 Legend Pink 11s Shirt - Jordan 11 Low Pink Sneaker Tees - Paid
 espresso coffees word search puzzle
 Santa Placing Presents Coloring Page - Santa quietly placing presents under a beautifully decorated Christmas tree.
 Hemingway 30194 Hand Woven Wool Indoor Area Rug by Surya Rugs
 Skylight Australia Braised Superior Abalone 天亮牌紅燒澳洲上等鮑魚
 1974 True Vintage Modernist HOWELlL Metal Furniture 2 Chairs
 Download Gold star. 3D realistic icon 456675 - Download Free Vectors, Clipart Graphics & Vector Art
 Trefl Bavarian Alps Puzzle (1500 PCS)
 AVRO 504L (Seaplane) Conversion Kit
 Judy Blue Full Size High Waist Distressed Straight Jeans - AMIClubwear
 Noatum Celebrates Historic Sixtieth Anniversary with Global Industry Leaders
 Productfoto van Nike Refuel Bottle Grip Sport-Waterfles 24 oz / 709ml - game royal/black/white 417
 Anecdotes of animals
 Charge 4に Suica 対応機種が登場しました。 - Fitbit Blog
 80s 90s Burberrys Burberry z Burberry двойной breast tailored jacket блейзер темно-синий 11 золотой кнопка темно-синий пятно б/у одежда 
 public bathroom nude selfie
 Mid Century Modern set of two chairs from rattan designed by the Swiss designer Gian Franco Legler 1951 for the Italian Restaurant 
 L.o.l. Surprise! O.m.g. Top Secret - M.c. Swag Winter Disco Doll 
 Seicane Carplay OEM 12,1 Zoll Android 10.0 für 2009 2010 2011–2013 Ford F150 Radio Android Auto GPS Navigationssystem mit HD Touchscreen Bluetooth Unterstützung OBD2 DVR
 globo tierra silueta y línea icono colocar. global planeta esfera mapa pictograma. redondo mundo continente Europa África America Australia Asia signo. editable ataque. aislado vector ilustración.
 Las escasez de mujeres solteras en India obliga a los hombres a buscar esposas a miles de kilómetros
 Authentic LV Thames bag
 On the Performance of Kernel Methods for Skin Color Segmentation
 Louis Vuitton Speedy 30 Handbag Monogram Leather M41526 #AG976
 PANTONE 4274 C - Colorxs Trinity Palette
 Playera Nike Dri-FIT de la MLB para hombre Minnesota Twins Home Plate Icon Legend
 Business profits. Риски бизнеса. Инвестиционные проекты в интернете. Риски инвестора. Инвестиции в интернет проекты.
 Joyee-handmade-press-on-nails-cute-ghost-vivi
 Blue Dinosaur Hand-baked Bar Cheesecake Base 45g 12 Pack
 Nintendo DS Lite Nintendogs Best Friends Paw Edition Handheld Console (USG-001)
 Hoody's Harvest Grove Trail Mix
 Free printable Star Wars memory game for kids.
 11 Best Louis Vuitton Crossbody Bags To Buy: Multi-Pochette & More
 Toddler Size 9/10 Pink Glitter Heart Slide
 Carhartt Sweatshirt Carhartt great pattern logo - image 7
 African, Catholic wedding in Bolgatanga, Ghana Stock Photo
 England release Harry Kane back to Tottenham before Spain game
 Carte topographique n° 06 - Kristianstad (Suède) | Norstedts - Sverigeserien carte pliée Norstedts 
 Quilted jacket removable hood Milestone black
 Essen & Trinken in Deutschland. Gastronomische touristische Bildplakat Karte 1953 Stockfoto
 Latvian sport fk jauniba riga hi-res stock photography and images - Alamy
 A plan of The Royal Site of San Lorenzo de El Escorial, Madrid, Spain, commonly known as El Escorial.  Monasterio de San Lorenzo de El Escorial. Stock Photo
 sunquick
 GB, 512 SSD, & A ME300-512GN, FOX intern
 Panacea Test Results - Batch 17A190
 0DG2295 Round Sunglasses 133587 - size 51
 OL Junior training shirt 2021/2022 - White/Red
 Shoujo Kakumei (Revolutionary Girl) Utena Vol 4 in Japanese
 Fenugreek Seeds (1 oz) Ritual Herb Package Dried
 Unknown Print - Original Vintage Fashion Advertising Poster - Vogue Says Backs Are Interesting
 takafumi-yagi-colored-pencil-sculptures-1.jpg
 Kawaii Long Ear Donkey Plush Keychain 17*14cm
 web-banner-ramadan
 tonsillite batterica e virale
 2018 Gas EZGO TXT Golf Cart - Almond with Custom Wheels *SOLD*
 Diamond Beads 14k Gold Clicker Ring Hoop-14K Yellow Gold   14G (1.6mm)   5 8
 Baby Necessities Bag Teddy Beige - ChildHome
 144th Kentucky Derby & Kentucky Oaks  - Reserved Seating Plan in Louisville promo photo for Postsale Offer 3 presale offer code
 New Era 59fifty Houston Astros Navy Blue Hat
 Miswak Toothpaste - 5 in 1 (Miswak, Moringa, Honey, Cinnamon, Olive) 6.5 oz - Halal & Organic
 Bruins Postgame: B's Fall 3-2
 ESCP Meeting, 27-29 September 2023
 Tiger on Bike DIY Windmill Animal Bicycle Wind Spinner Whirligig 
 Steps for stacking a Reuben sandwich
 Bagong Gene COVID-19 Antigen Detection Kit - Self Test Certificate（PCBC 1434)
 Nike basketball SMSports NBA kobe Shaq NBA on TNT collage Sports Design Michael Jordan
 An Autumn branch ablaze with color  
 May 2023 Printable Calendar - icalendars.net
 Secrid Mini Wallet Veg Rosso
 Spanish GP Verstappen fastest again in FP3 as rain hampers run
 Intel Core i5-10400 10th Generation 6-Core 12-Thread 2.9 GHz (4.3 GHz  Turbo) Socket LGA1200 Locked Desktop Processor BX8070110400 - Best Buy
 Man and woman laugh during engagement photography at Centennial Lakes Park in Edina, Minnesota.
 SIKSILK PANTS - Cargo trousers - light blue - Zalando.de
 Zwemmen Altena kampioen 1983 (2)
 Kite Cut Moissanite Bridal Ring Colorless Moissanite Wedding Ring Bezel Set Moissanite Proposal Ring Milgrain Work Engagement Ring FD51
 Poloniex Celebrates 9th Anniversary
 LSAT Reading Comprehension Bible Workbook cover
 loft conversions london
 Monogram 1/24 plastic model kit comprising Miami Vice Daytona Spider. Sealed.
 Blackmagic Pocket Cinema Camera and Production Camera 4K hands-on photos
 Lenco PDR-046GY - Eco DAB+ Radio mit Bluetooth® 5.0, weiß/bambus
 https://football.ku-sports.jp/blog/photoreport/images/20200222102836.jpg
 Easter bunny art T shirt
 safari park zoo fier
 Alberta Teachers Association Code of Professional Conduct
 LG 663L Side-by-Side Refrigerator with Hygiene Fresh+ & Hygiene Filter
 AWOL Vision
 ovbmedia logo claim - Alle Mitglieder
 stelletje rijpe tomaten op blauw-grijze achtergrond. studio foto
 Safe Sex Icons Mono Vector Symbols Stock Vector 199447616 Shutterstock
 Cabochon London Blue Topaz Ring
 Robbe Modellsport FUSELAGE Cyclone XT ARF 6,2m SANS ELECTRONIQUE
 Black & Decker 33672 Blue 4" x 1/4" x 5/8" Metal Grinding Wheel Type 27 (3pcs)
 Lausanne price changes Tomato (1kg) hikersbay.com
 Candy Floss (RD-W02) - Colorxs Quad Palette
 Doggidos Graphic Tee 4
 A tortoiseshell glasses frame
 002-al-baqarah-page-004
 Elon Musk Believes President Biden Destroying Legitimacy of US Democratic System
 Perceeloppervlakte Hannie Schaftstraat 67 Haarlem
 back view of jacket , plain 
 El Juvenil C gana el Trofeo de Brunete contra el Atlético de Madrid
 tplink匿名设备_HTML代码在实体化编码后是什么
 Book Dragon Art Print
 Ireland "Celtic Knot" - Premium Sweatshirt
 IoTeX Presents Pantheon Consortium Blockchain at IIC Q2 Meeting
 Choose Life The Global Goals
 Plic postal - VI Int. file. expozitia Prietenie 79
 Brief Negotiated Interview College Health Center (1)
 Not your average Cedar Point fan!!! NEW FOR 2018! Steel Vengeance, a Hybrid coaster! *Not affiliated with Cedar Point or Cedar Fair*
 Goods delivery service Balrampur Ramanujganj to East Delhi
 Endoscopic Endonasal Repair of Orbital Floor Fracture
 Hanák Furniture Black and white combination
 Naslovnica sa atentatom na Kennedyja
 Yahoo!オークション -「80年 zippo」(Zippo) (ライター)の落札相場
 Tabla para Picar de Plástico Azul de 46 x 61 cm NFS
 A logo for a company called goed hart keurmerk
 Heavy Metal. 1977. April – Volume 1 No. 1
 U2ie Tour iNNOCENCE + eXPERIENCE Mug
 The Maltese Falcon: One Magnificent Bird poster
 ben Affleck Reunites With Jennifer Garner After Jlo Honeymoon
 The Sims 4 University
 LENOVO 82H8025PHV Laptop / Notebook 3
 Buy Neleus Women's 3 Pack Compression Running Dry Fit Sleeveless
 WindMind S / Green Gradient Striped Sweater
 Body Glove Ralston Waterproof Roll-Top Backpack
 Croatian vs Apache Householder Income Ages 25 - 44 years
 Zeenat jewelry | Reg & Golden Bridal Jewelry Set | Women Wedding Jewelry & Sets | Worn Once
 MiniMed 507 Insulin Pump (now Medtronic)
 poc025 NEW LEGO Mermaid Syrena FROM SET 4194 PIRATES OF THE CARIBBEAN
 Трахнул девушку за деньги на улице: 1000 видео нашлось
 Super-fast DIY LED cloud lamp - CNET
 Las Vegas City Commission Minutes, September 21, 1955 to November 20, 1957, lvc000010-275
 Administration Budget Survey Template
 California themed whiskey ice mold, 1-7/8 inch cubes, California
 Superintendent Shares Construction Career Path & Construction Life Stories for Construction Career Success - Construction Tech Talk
# # #
* _Exercise goal_: Copy each line above containing the string "para".

* _Completed exercise_:
 Playera Nike Dri-FIT de la MLB para hombre Minnesota Twins Home Plate Icon Legend
 Tabla para Picar de Plástico Azul de 46 x 61 cm NFS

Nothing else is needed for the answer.